Wendelin Wiedeking, who was CEO of Porsche at the time, and Holger Harter who was CFO, are accused of issuing incorrect statements about the firm’s intention to acquire VW shares. If found guilty the pair could face up to five years in prison. They deny the charges.
It’s the latest instalment in one of the longest running and most complicated corporate scandals to emerge from Germany in recent years. Those with good memories will recall that back in 2008, the small but profitable Porsche made an audacious stab at a reverse takeover of the much larger VW Group. Thanks to VW’s complex shareholding and governance structure, the bid required that Porsche should hold 75% of VW in order to be able to force the acquisition through.
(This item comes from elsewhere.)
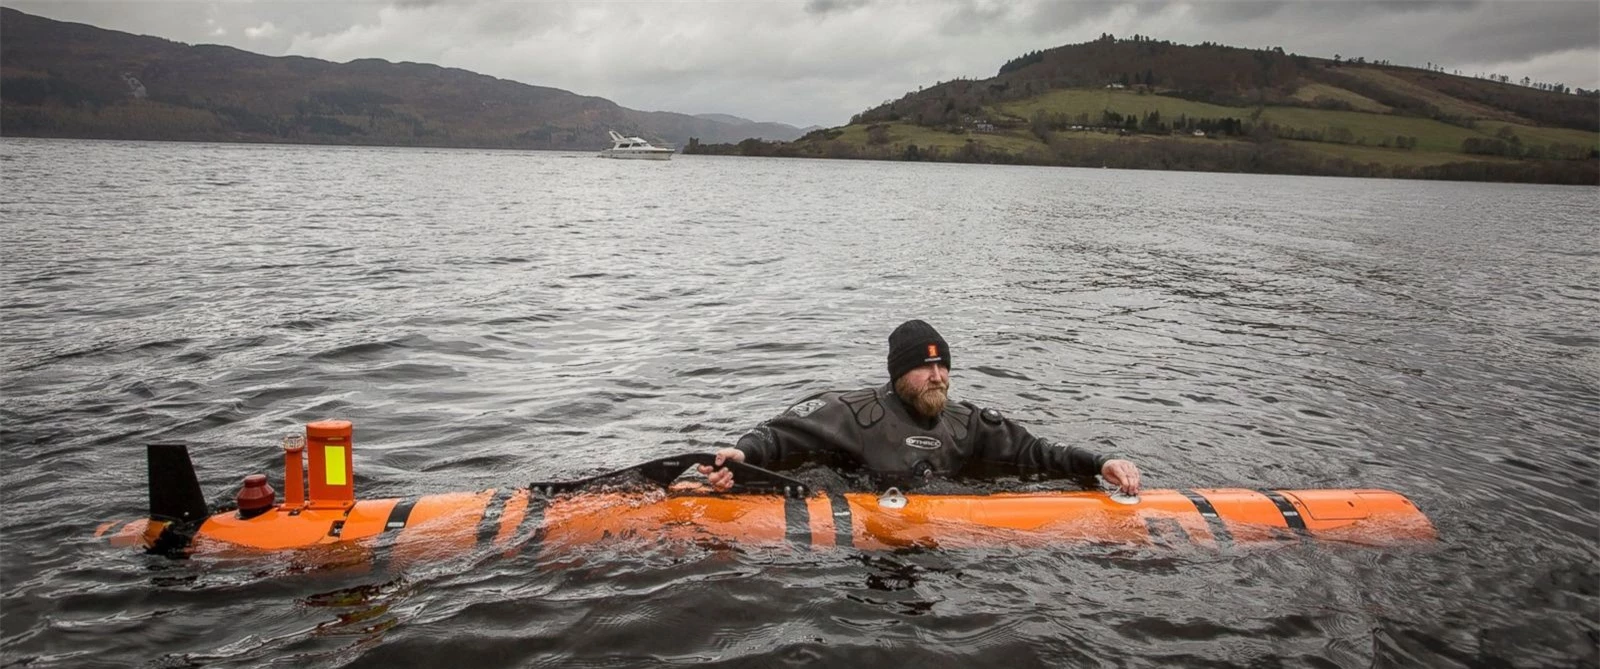 Phát hiện 'quái vật Loch Ness' dưới đáy hồ ở Scotland ảnh 2
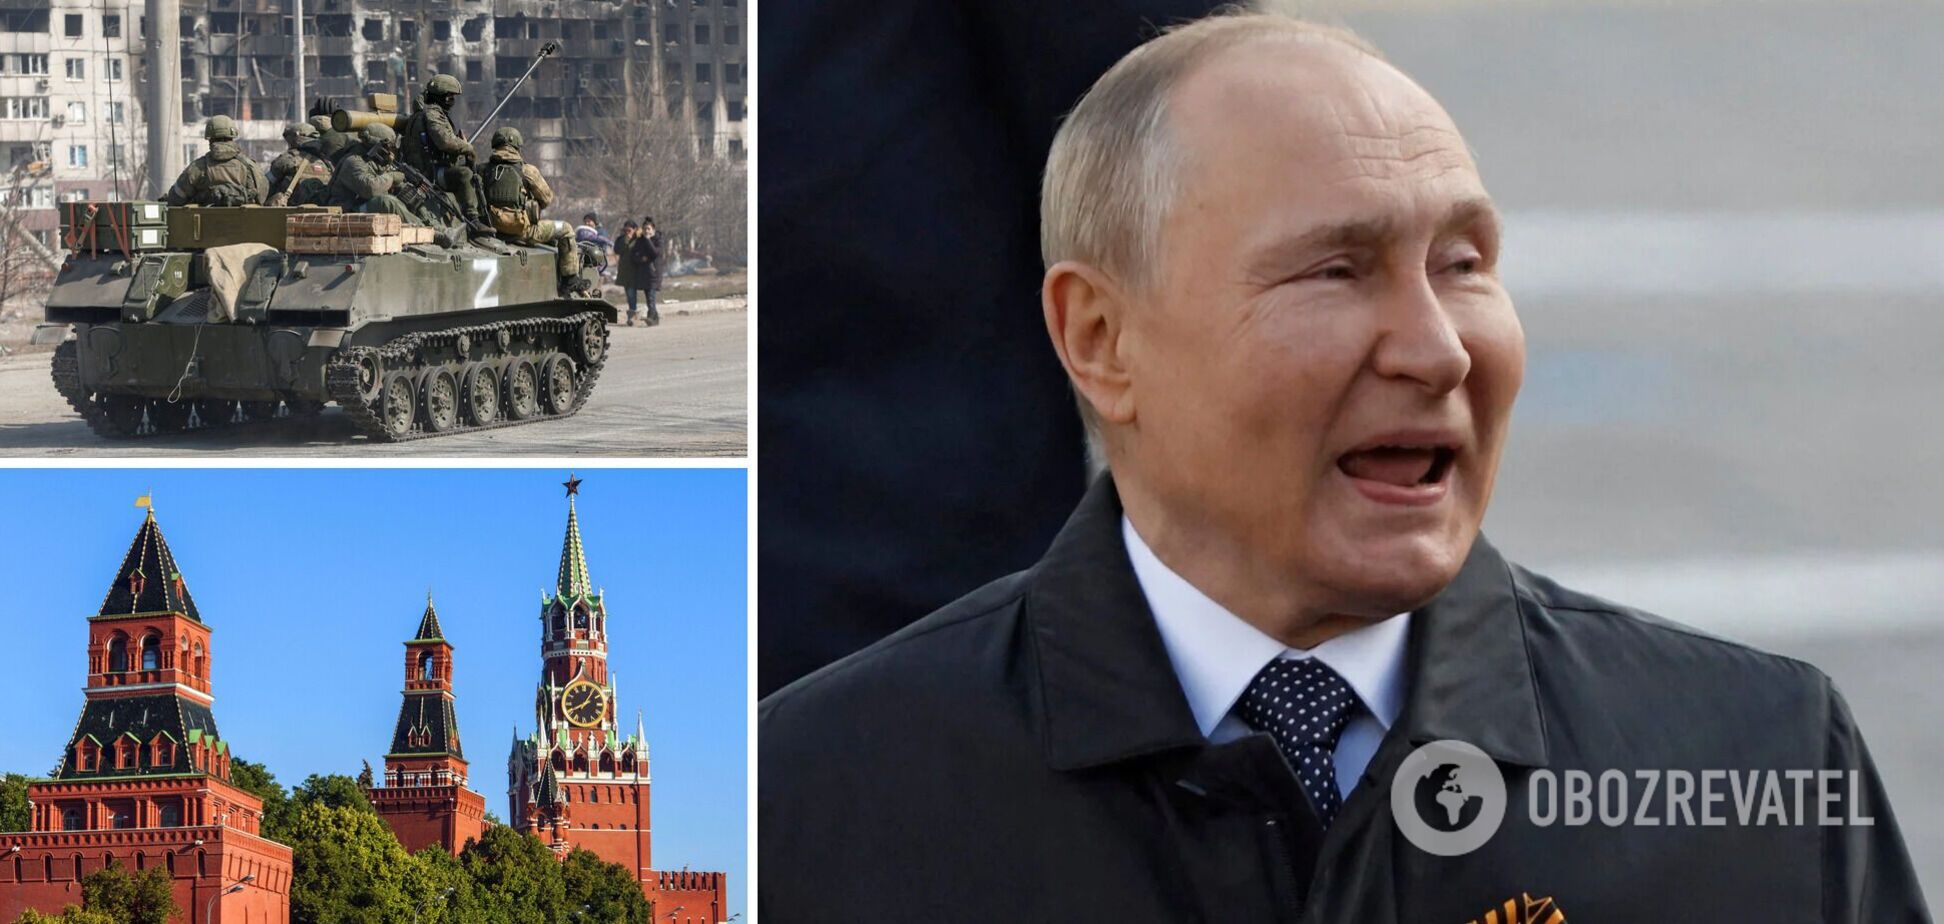 Майстри хаосу. Навіщо Путіну 'боротьба з українським тероризмом'?

The market manipulation charges relate to statements made by Wiedeking and Harter at the point when VW shares were being acquired – essentially they are accused of secretly building up Porsche’s stake in VW towards that 75% target whilst at the same time making public statements to the contrary. Their statements, say the prosecutors in Stuttgart, resulted in Porsche’s shareprice dropping – but the defendants’s lawyers say that the statements were ‘correct in content’ and did not have any effect on the shares.
When it emerged that Porsche had acquired options on 75% of VW, the shares rose sharply, and hedge funds that had been shorting Porsche lost sums estimated at up to 30bn Euros very quickly. These and other potentially out of pocket investors will be watching the trial closely – a guilty verdict (even thought the case is against individuals rather than the company) could help them in their quest for compensation from Porsche.
The takeover attempt failed in 2009, leaving Porsche with a mountain of debt and resulting in the departure of Wiedeking and Harter. The sportscar maker’s car manufacturing operation was eventually folded into VW, which makes more cars in a week than Porsche does in a year, but plans for an all-in merger have been shelved.